Make a compiler that supports a subset of the ANSI-C programming language
This version of the compiler is essentially the same as in part 60. I am using this part to fix up comments, fix up bugs, do a bit of code cleanup, rename some functions and variables etc.
For the changes to the compiler that I’m planning, I need to be able to put structs into structs. Therefore, I should be able to do:
printf("%d\n", thing.member1.age_in_years);
where thing
is a struct, but it has a member1
which is of type struct.
To do this, we need to find the offset of member1
from the base of
thing
, then find the offset of age_in_years
from the previous offset.
However, the code to do this expects the things on the left-hand side of the ‘.’ token to be a variable which has a symbol table entry and thus a fixed location in memory. We need to fix this to deal with the situation where the left-hand side of the ‘.’ token is an offset that has already been calculated.
Fortunately, this was quite easy to do. We don’t have to change the
parser code, but let’s look at what is already there. In member_access()
in expr.c
:
// Check that the left AST tree is a struct or union.
// If so, change it from an A_IDENT to an A_ADDR so that
// we get the base address, not the value at this address.
if (!withpointer) {
if (left->type == P_STRUCT || left->type == P_UNION)
left->op = A_ADDR;
We mark the left-hand AST tree as A_ADDR (instead of A_IDENT) to say that we need the base address of it, not the value at this address.

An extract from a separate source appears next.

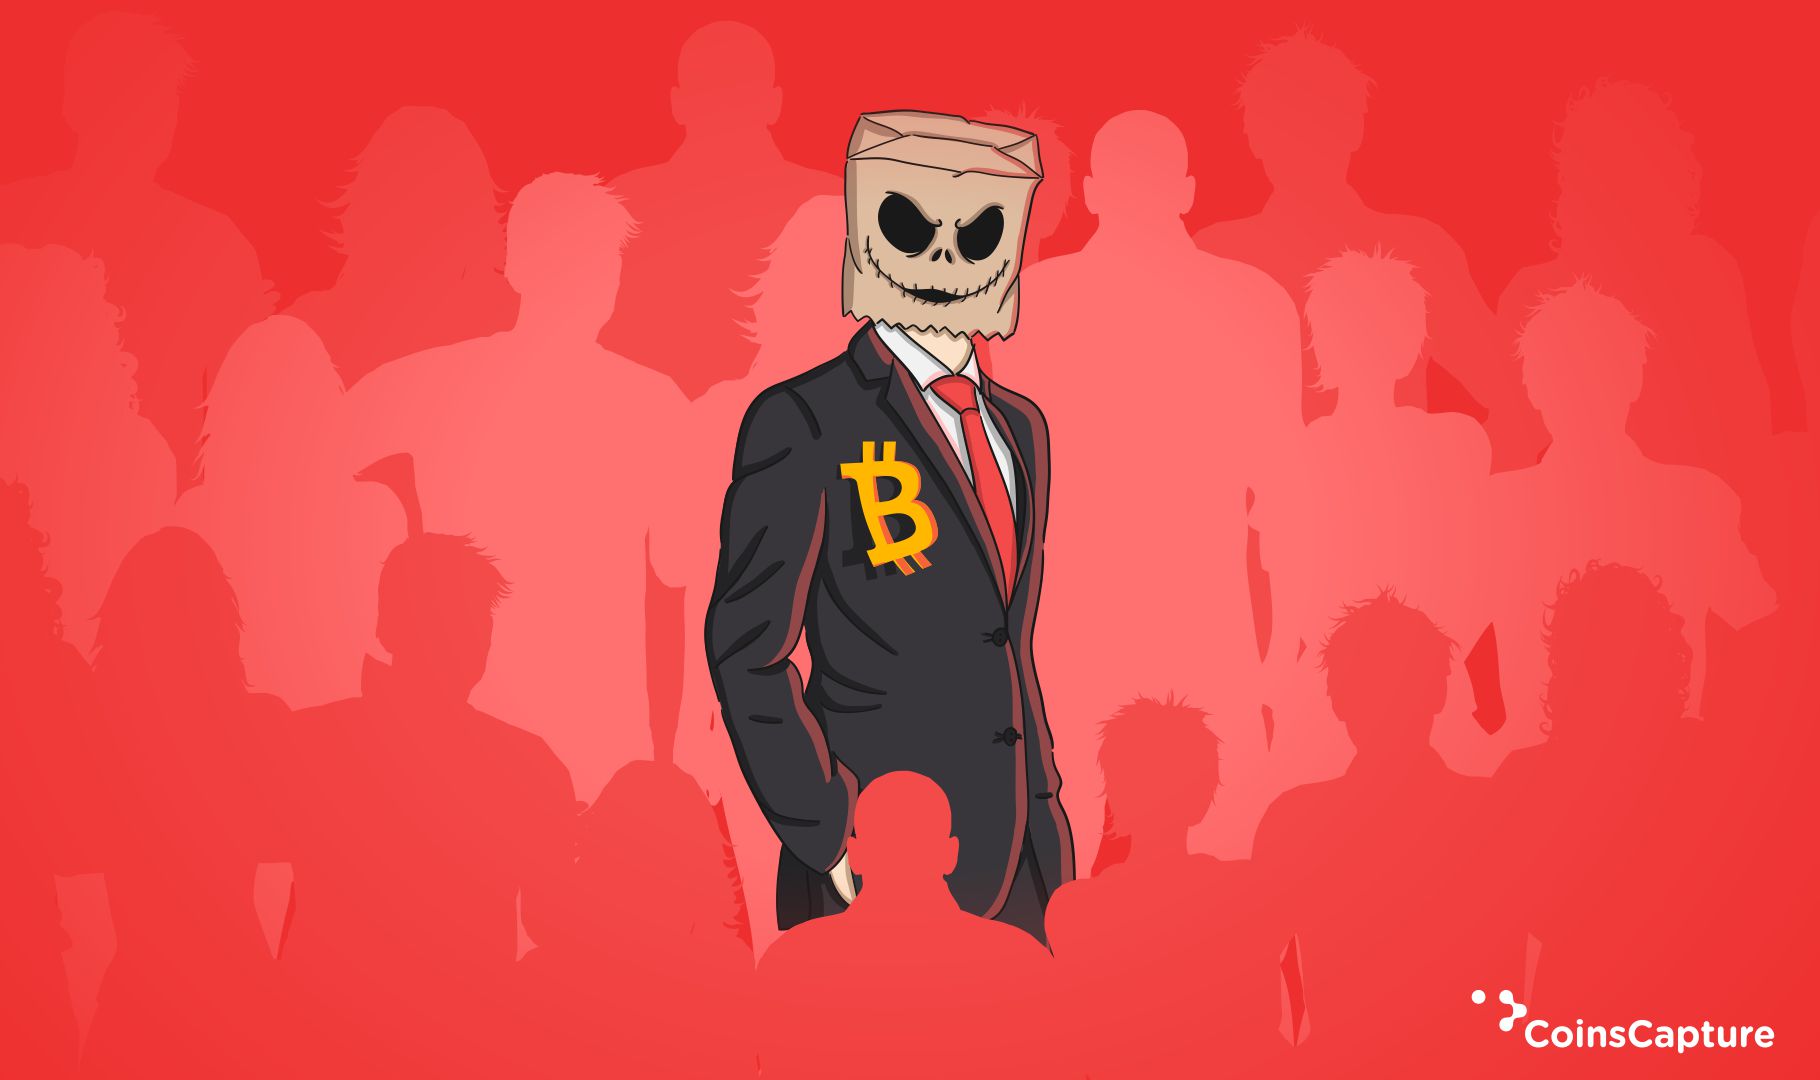 Why The Famous Bitcoin Creator - Satoshi Nakamoto Is Anonymous?

Now we need to fix the code generation. When we get an A_ADDR AST node,
we either have a variable whose address we need (e.g. thing
in
thing.member1
), or our child tree has the pre-calculated offset
(e.g. the offset of member1
in member1.age_in_years). So in
genAST()
in
gen.c`, we do:
case A_ADDR:
// If we have a symbol, get its address. Otherwise,
// the left register already has the address because
// it's a member access
if (n->sym != NULL)
return (cgaddress(n->sym));
else
return (leftreg);
That should be all, but we have one more fix. The code to work out the
alignment of types doesn’t deal with structs inside structs, only
scalar types inside structs. So, I’ve modified cgalign()
in cg.c
as follows:
// Given a scalar type, an existing memory offset
// (which hasn't been allocated to anything yet)
// and a direction (1 is up, -1 is down), calculate
// and return a suitably aligned memory offset
// for this scalar type. This could be the original
// offset, or it could be above/below the original
int cgalign(int type, int offset, int direction) {
int alignment;
// We don't need to do this on x86-64, but let's
// align chars on any offset and align ints/pointers
// on a 4-byte alignment
switch (type) {
case P_CHAR:
break;
default:
// Align whatever we have now on a 4-byte alignment.
// I put the generic code here so it can be reused elsewhere.
alignment = 4;
offset = (offset + direction * (alignment - 1)) & ~(alignment - 1);
}
return (offset);
}
Everything but P_CHAR gets aligned on a 4-byte alignment, including structs and unions.
Now that this Github repository is up and has gained some attention, several people have reported bugs and misfeatures. The list of open and closed issues is here: . If you spot any bugs or misfeatures, feel free to report them. However, I can’t promise I’ll get time to fix them all!
I’ve been reading up on register allocation, and I think I’ll add a linear scan register allocation mechanism to the compiler. To do this, though, I need to add an intermediate representation stage. This will be the goal for the next few stages, but so far I haven’t done anything concrete.